And constructing a report generating agent based on the large language model, comparing differences of the fourth target key information generated by each batch according to the fourth guiding prompt text, recording version changes and generating an update report.
In some embodiments, the method further comprises:
collecting a plurality of open source dynamic scientific and technological information of the target information source in a subscription pushing, manual collection and retrieval matching mode;
or, a customized crawler tool is adopted to regularly capture a plurality of open source dynamic scientific and technological information of the target information source;
Or integrating API interfaces provided by a plurality of target information sources, and uniformly managing and searching by means of an elastic search platform;
wherein the target information sources include news media, academic research, technical blogs, and social networks.
In some embodiments, the large language model uses Qwen-72B model, qwen-7B model, qwen-14B model, qwen-32B model, open source Llama model, or generalized linear model as a base.
In some embodiments, the first guidance prompt text, the second guidance prompt text, the third guidance prompt text, and the fourth guidance prompt text each include a context definition portion, a body description portion, an output constraint portion, and a flow and example heuristic portion;
The background definition part comprises a role summary and a background summary for executing tasks in the current problem scene;
the main description part comprises a task summary aiming at the current problem scene and a skill description for solving the problem;
The output constraint section includes an overview of constraints and constraints on the output format;
the flow and example heuristics section includes hints for processing flow steps and provided cases.
In some embodiments, the method further comprises:
According to the data updating frequency of the target information sources in the multiple fields, the collection frequency of the open source dynamic scientific and technological information in the corresponding fields is dynamically adjusted;
And configuring dynamic weights for the target information sources in different fields, and adjusting grabbing priorities based on timeliness, authority and user feedback in each field.
In some embodiments, the method further comprises:
And establishing an intermediate cache database for caching the first target key information, the second target key information, the third target key information and the fourth target key information, and establishing an index for repeated scheduling and query.
In some embodiments, the method further comprises:
And establishing an error return channel, and triggering the reprocessing of the upstream agent when the downstream agent detects the logic contradiction.

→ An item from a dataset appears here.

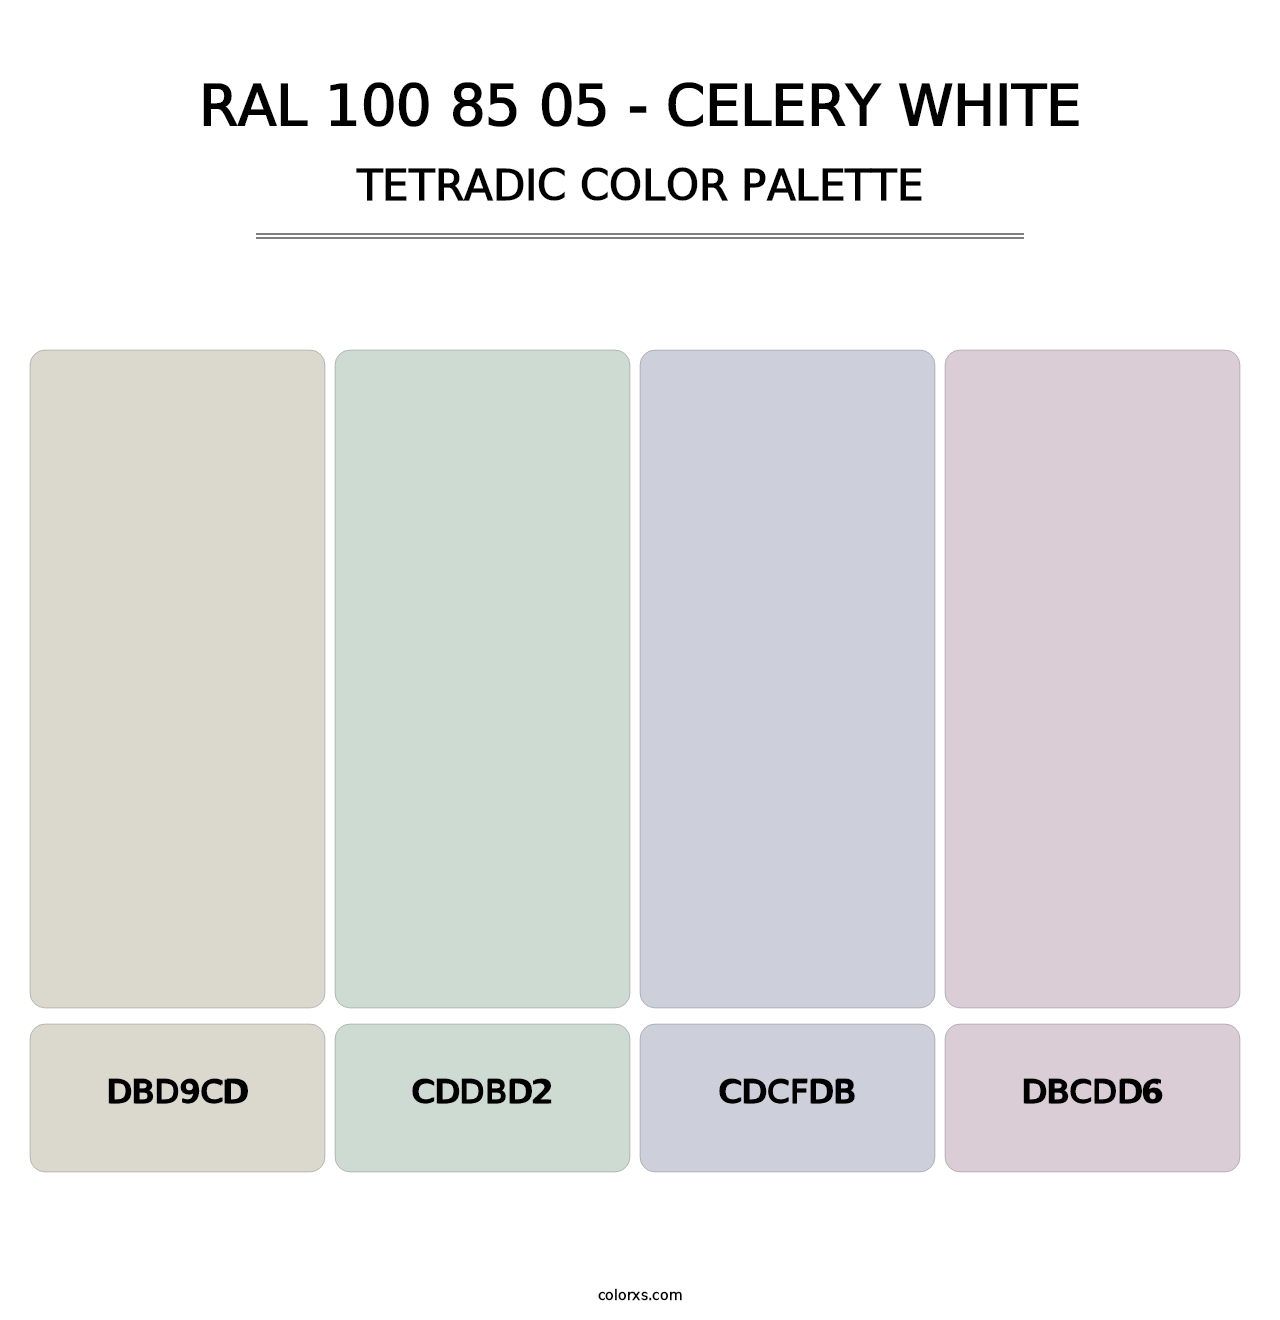 RAL 100 85 05 - Celery White - Tetradic Color Palette

In another aspect, the present invention also provides an information integration device based on a multi-agent task chain policy big model, which includes a processor, a memory, and a computer program/instruction stored on the memory, wherein the processor is configured to execute the computer program/instruction, and the device implements the steps of the method when the computer program/instruction is executed.
In another aspect, the present invention also provides a computer readable storage medium having stored thereon a computer program/instruction which when executed by a processor performs the steps of the above method.
In another aspect, the invention also provides a computer program product comprising a computer program/instruction which, when executed by a processor, implements the steps of the above method.
The invention has the advantages that:
The invention provides an information integration method and device based on a multi-agent task chain strategy big model, which are used for realizing automatic aggregation and sequencing of information by collecting a plurality of open-source dynamic scientific information of a target information source, utilizing a document analysis agent, an abstract induction agent, a content generation agent, a sequencing agent and a report generation agent which are constructed by a big language model to respectively extract key information, analyze and induce semantics, evaluate and update content, sequence information and record version change and report generation. The method effectively solves the defects in the information integration of the prior art, such as generalization, objectivity, cross-document information processing, flexibility, robustness, illusion rate, extrapolation capability, small sample learning capability and the like, improves the efficiency and effect of information work, and has important significance in enhancing the service quality benefit of dynamic information, supporting strategic decisions and policy formulation.
Additional advantages, objects, and features of the invention will be set forth in part in the description which follows and in part will become apparent to those having ordinary skill in the art upon examination of the following or may be learned from practice of the invention. The objectives and other advantages of the invention may be realized and attained by the structure particularly pointed out in the written description and drawings.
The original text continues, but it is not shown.